University of Richmond Library Receives $478,141 Grant to Create Digital Database of Civil War-Era Newspapers

October 13, 2003

The Institute of Museum and Library Sciences (IMLS) has awarded the University of Richmond's Boatwright Memorial Library a two-year, $478,141 National Leadership Grant to create a digital database of Civil War-era newspapers.

The library will digitize newspapers from both Union and Confederate perspectives from 1857-1865 and analyze costs and benefits of various methods of digitizing newspaper content.

The project "will make digital copies of significant Civil War-era newspapers available online, allow the University of Richmond to build the foundation of an institutional repository and help the library and technical worlds identify the best way to provide access to individual articles in digitized newspapers," explained James R. Rettig, university librarian.

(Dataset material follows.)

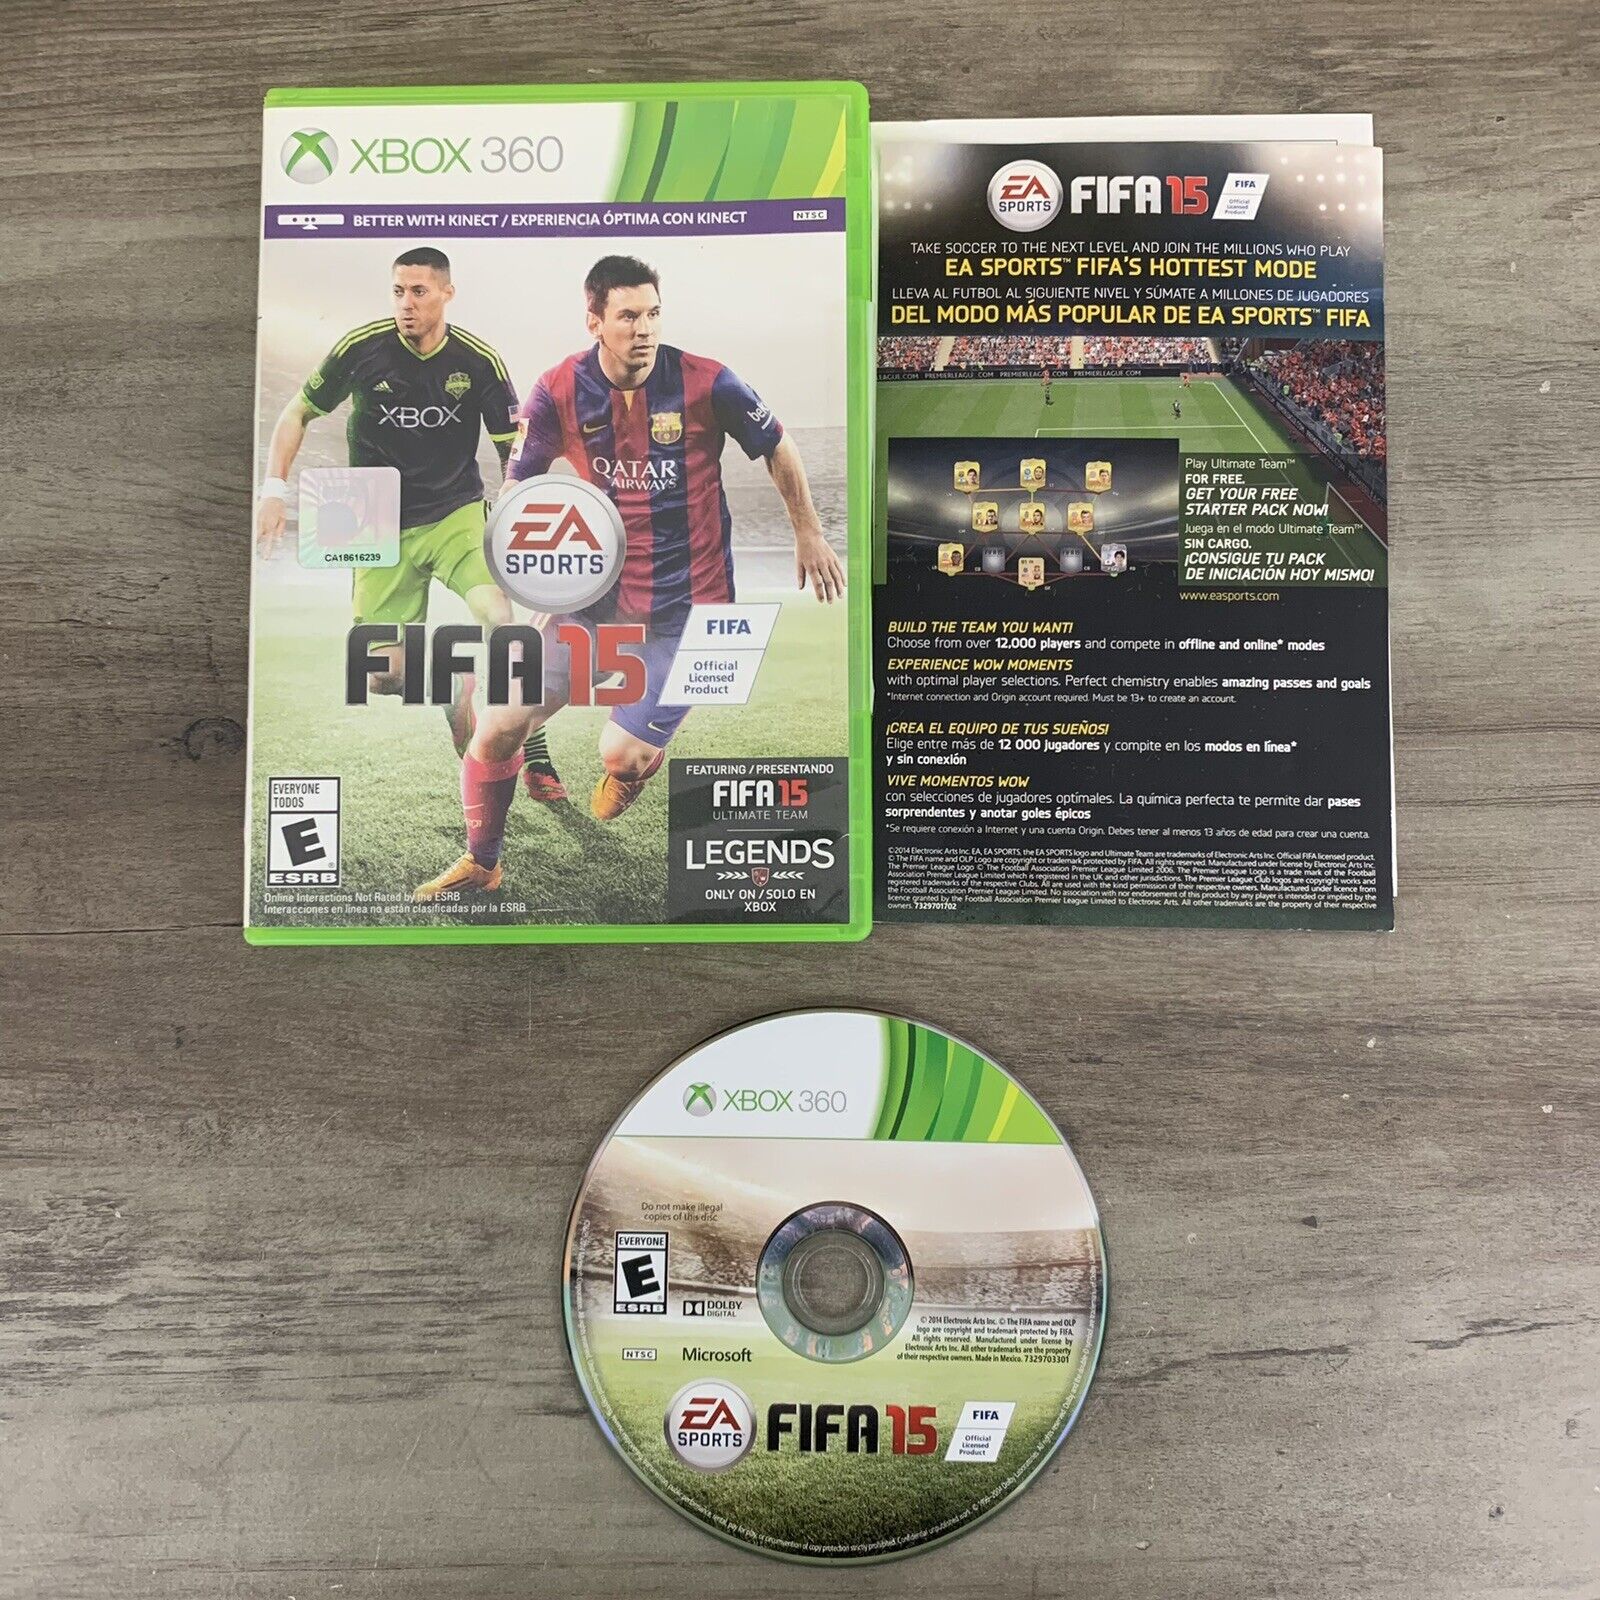 Blive skør Stikke ud menneskelige ressourcer FIFA 15 - Xbox 360 Game - w Inserts- Tested &amp; Works 14633368963 | eBay

The library will work in collaboration with the Virginia Center for Digital History and the Perseus Project at Tufts University, "a nationally recognized leader in creating digital collections," said Retting.

IMLS is a federal grant-making agency in Washington, D.C., that fosters leadership, innovation and lifelong learning by supporting museums and libraries. Its National Leadership grants are highly competitive awards that focus on creative ways to address local and national needs.

Built in 1955, Boatwright library houses the university's collection of more than one million books, journals and periodicals.